Employers must make reasonable adjustments for disabled employees or potential employees who apply for jobs. The purpose of adjustments is to remove or reduce barriers to a disabled employee performing the job well. Failing to make reasonable adjustments for disabled people could be disability discrimination under the Equality Act 2010.
Are adjustments expensive?
The average cost of a reasonable adjustment is £75 per individual, and many are less expensive or even free – for example, changing start and finish times or allowing someone to work sitting down.
Who pays for reasonable adjustments and is there any help with the cost?
It is the employer’s responsibility to pay for and implement reasonable adjustments. But a Government scheme called Access to Work can help meet some or all the cost.

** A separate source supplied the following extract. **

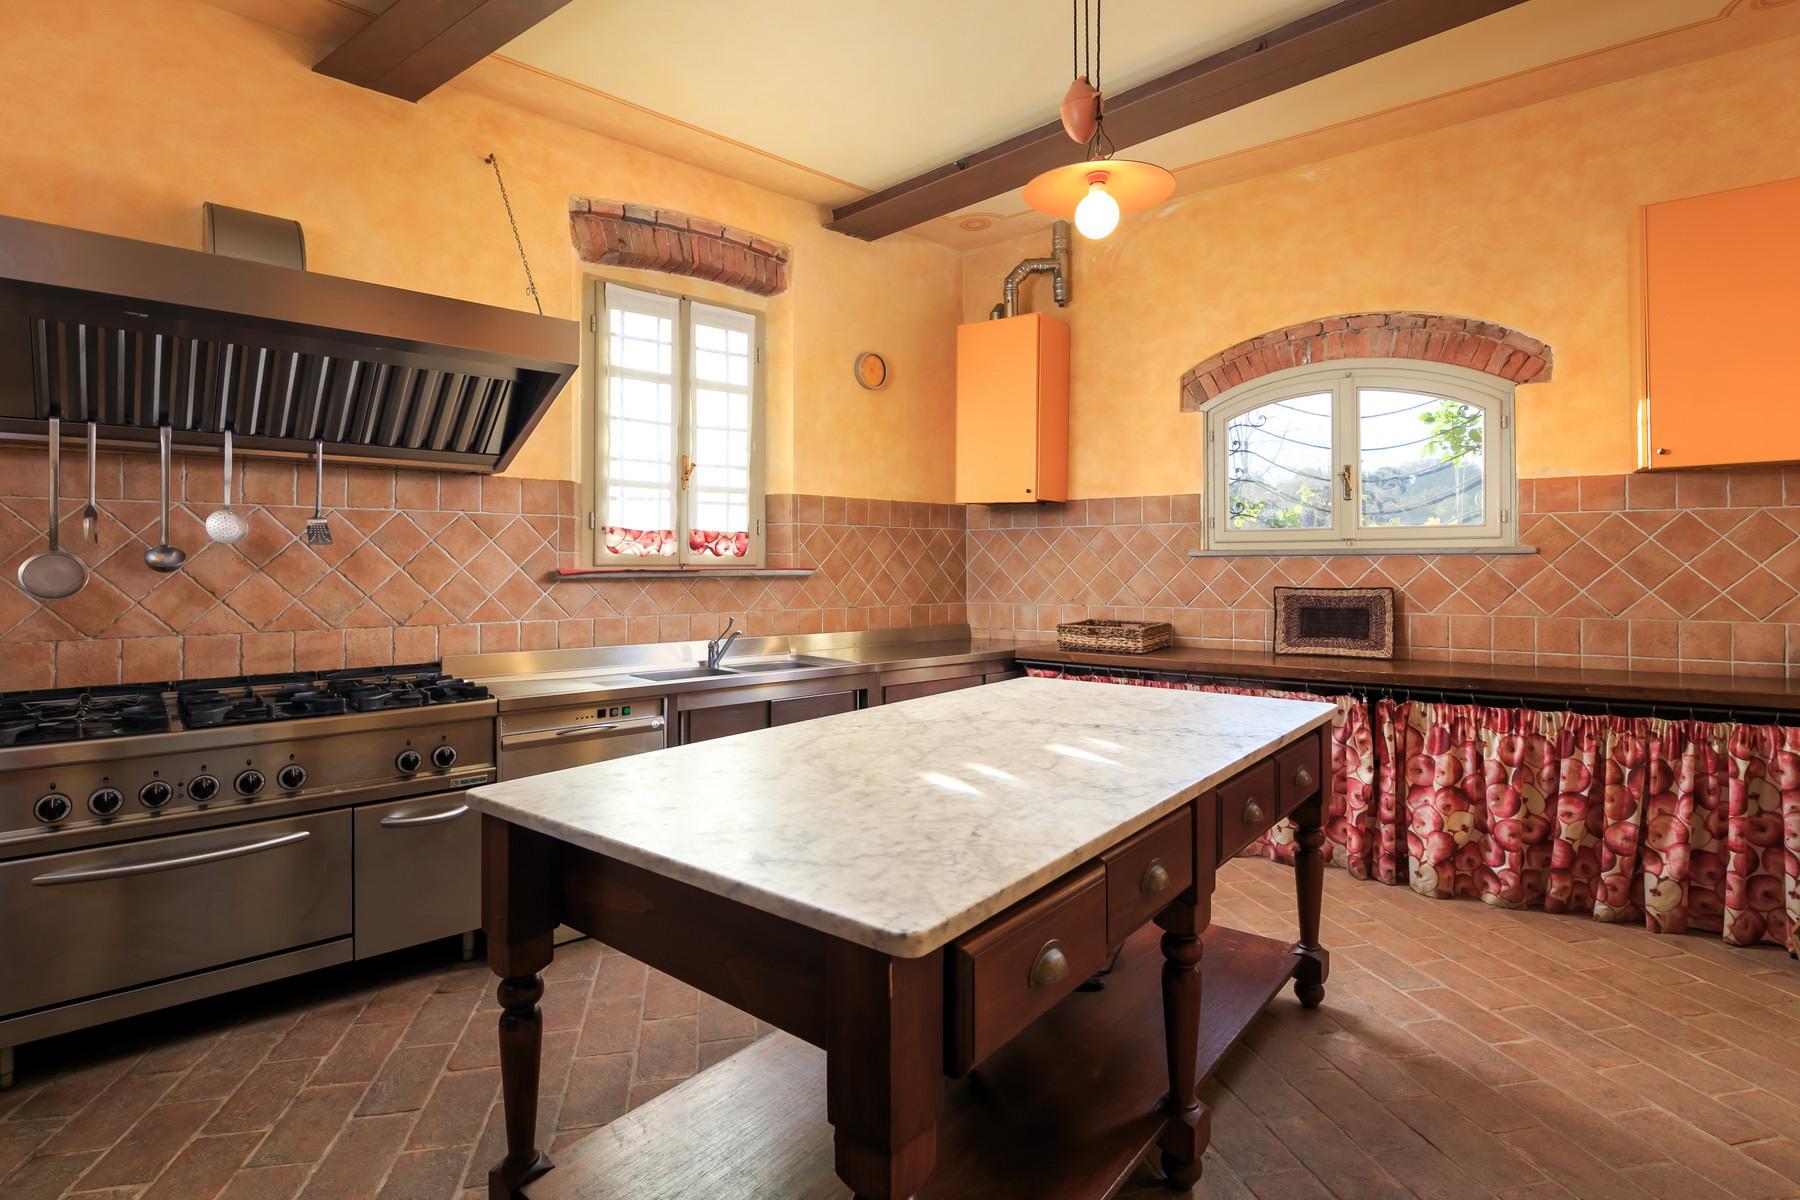 Villa in Vendita a Casciana Terme Lari: 5 locali, 550 mq - Foto 22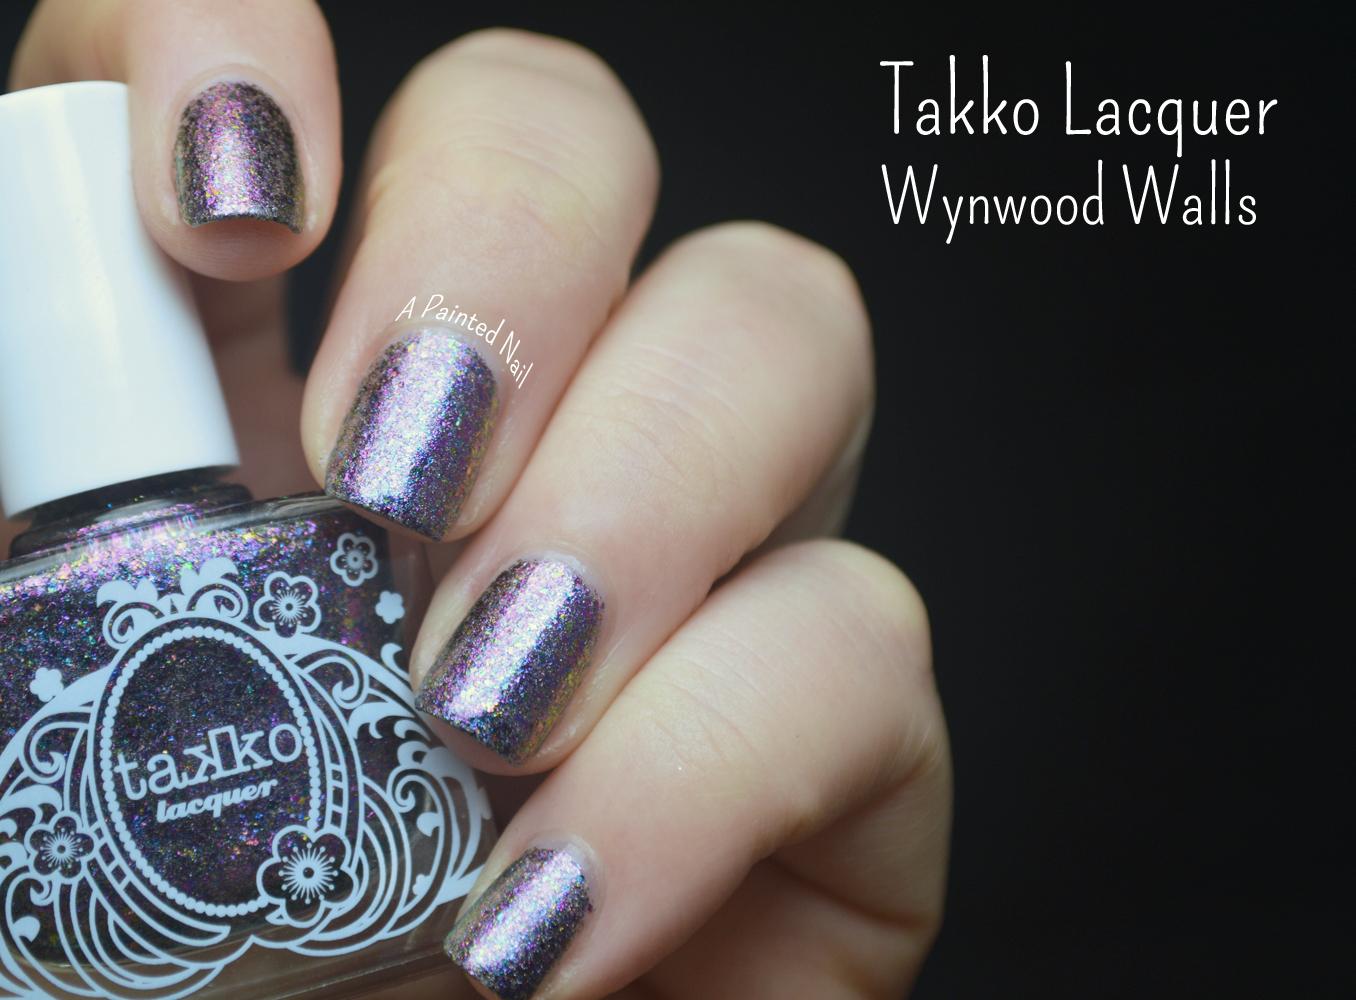 Takko Lacquer Wynwood Walls

When does an employer have to make a reasonable adjustment?
Employers must make reasonable adjustments when they know, or could reasonably be expected to know, that an employee is experiencing difficulties or barriers at work because of a disability. Some disabled people will tell an employer that they have a disability and might even know the adjustment they need. In other cases, however, it will be the employer who instigates the conversation. Employers should talk to employees struggling at work or if an employee has been off sick for a while and ask if any changes might help them with their work.
How can an employer know that someone is disabled?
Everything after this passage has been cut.